One of the most mountainous regions in the world that is rich with mines of gold, emerald and strategically important minerals, and is known for its extraordinary scenic beauty, diversity and ancient communities and languages, Gilgit-Baltistan is largely an underdeveloped region.
It’s home to K-2, the second tallest mountain in the world. Tourism remains restricted by many factors, including military hostility, though the region has some of the ancient Buddhist sculptures and rock edicts. It is also home to an old Shia community, which often finds itself subjected to persecution in Pakistan’s urban centres. At present, a Governor and an elected Chief Minister rule the region, which is divided into Gilgit, Skardu, Diamer, Astore, Ghanche, Ghizer and Hunza-Nagar.

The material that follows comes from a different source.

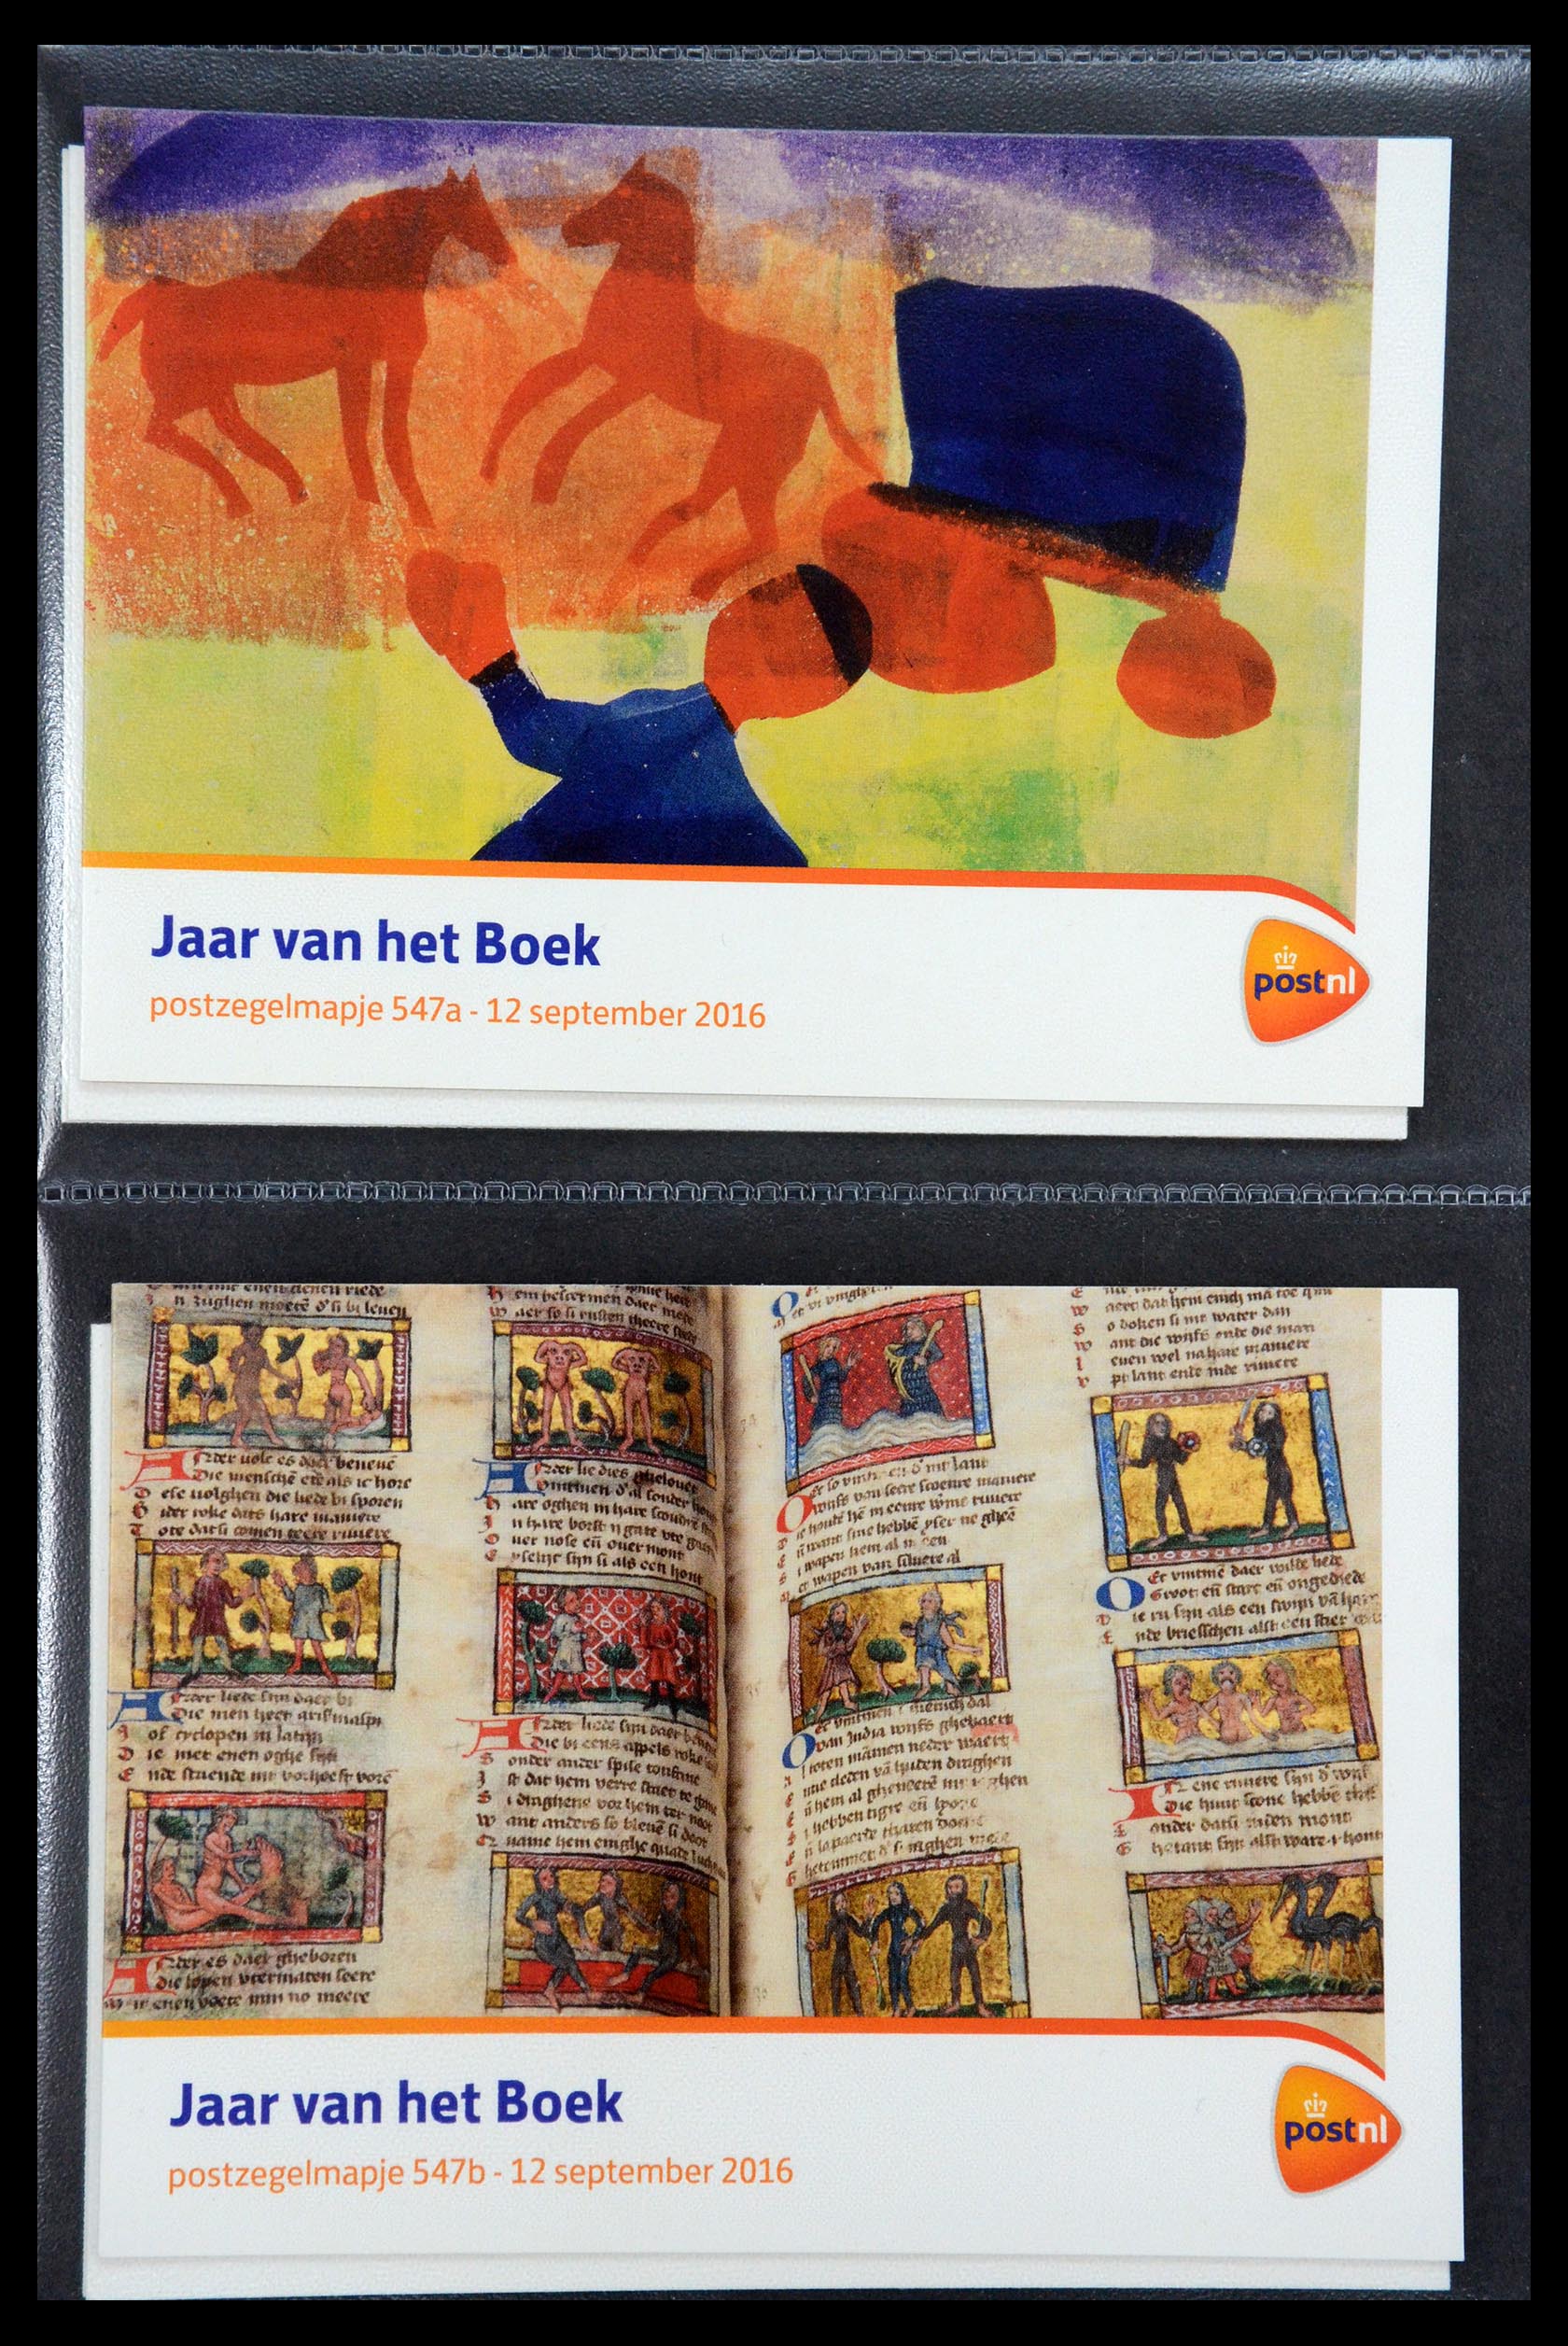 35187 326 - Stamp Collection 35187 Netherlands PTT presentation packs 1982-2019!

The region is known for high altitude dams because of both local and Islamabad-driven initiatives. Mountain streams and rivers are often harvested for local community needs. The tradition of building dams and bunds dates back to the reign of Balti King Ali Sher Khan Anchan of 1580-1624, who built the famous bund at Satpara Lake, which helps in watering Skardu. The water-rich region’s biggest hydroelectricity project is the Diamer-Bhasha dam, which was launched in July 2020.

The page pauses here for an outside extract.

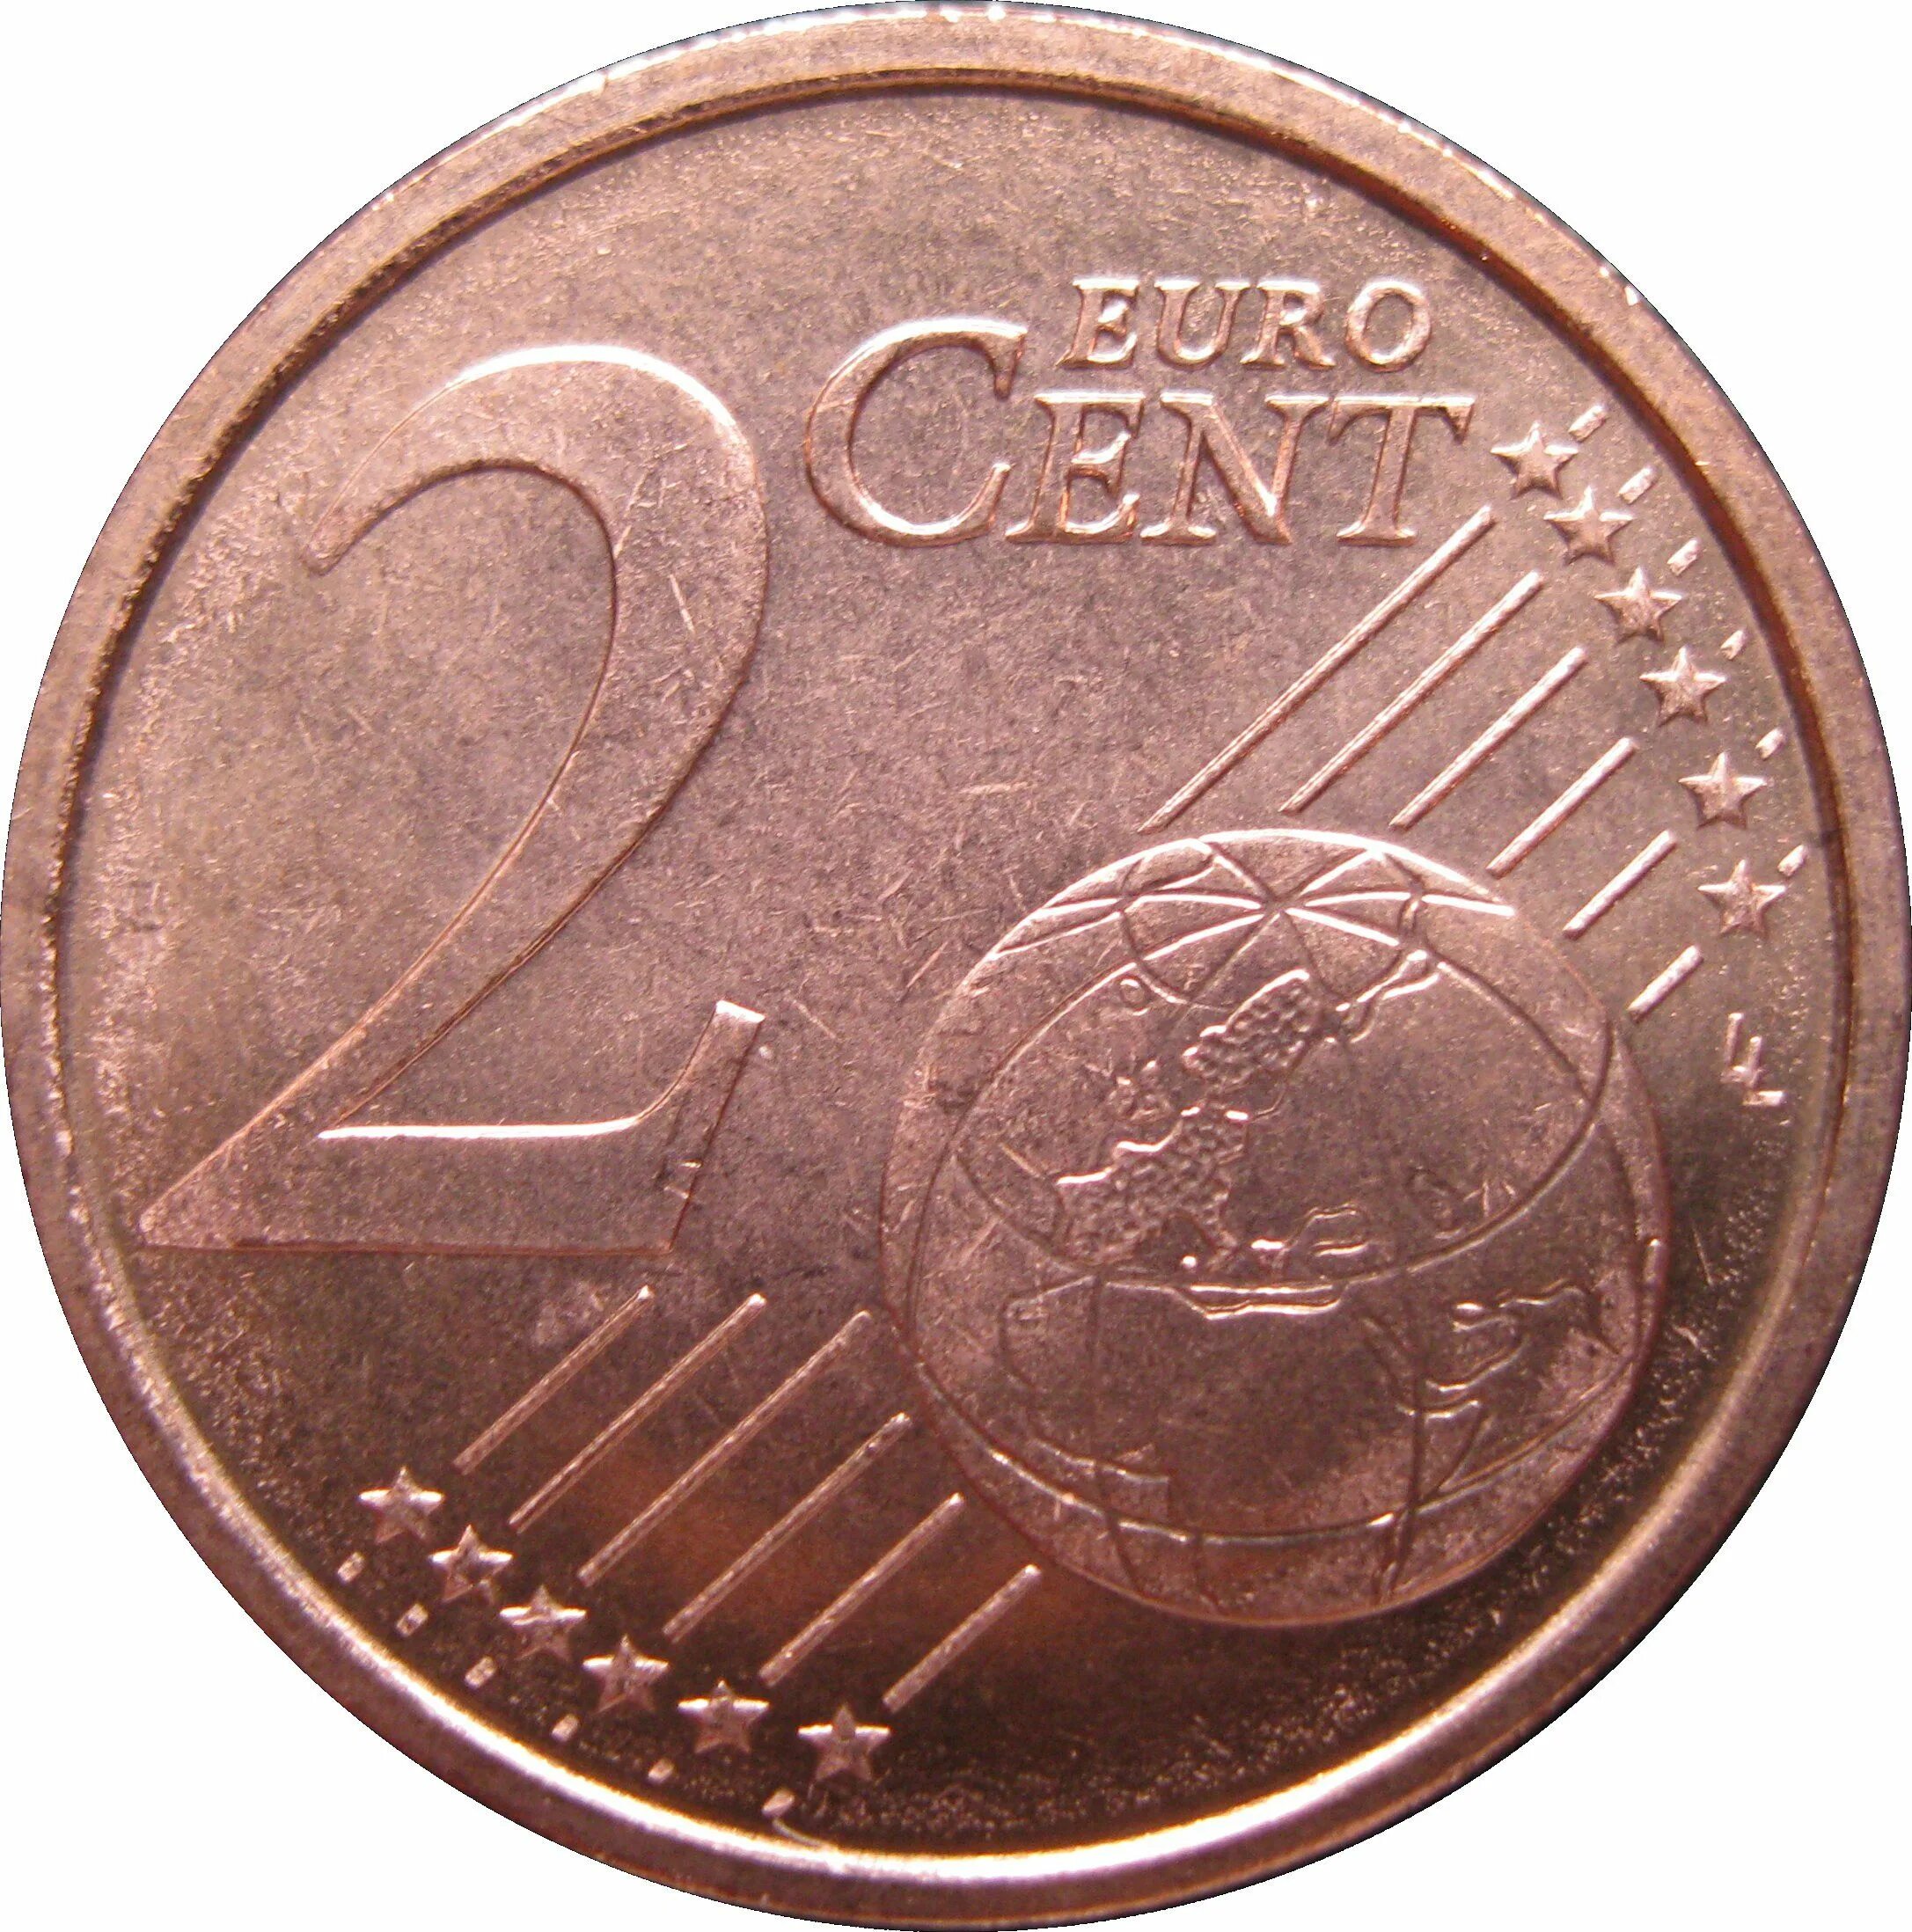 1 cent. 1 Евро цент монета. Монета 1/2 центов евро. Монета 1 евро цент Франция. 2 Euro Cent 1999 года Франция.

Following Pakistan’s announcement of holding the legislative election in Gilgit-Baltistan, India reiterated its territorial sovereignty over the region with the Ministry of External Affairs stating that the Pakistani move to change the status of the region will “have no legal basis whatsoever”. India has consistently opposed Pakistan’s activities in Gilgit-Baltistan. It also opposed the announcement of the commencement of the Diamer-Bhasha dam in July. There have been local and international concerns as reports suggest priceless Buddhist heritage will be lost once the dam is built.
India has objected to the use of Gilgit-Baltistan to build and operate the China Pakistan Economic Corridor (CPEC), which cuts through the region before heading to the Arabian Sea coastline of Balochistan’s Gwadar port.
Gilgit-Baltistan in recent years has witnessed sporadic protests against Islamabad. The protests were fuelled by loss of land and livelihood of the locals to mega projects that are being championed by Pakistan and its international partners like China. There is a growing feeling that full statehood will help the locals fight their battles inside Pakistan on an equal basis. On the other hand there is a widespread feeling that Pakistan, under pressure from China, is firming up its control over Gilgit-Baltistan, eventually creating conditions for the declaration of the Line of Control (LoC) in Kashmir as the International Border.
Beginning with the August 5, 2019 decision by India to withdraw the special status of Jammu and Kashmir, a number of developments have taken place on both sides of the Line of Control. Senior leaders like Defence Minister Rajnath Singh declared that the decision will pave the way for reclaiming Pakistan-occupied Kashmir (including Gilgit-Baltistan). India launched a new political map last November, which showed the Gilgit-Baltistan region as part of the new Union Territory of Ladakh. In response, Pakistan laid claim to Ladakh and the whole of Jammu and Kashmir in its map. An election and full statehood for Gilgit-Baltistan will likely infuriate India, which will perceive it as a step to deny reclaiming PoK ever in the future.
Gilgit-Baltistan is important for Pakistan as it is the gateway for the CPEC. But for India, the region represents the continuity with the past of Jammu and Kashmir, which included Gilgit-Baltistan at the time of Partition of 1947. Significantly, the ongoing stand-off with China at the Line of Actual Control in Eastern Ladakh has a Gilgit-Baltistan connection as the Darbuk-Shyok-DBO road of India is viewed as a tactical roadway to access the Karakoram Pass, which provides China crucial access to Gilgit-Baltistan and Pakistan.
Full statehood for the region may give Pakistan a political and legal upper hand and strengthen China’s position in the region, but Gilgit-Baltistan will continue to remain one of the hotspots in the tense India-Pakistan relations.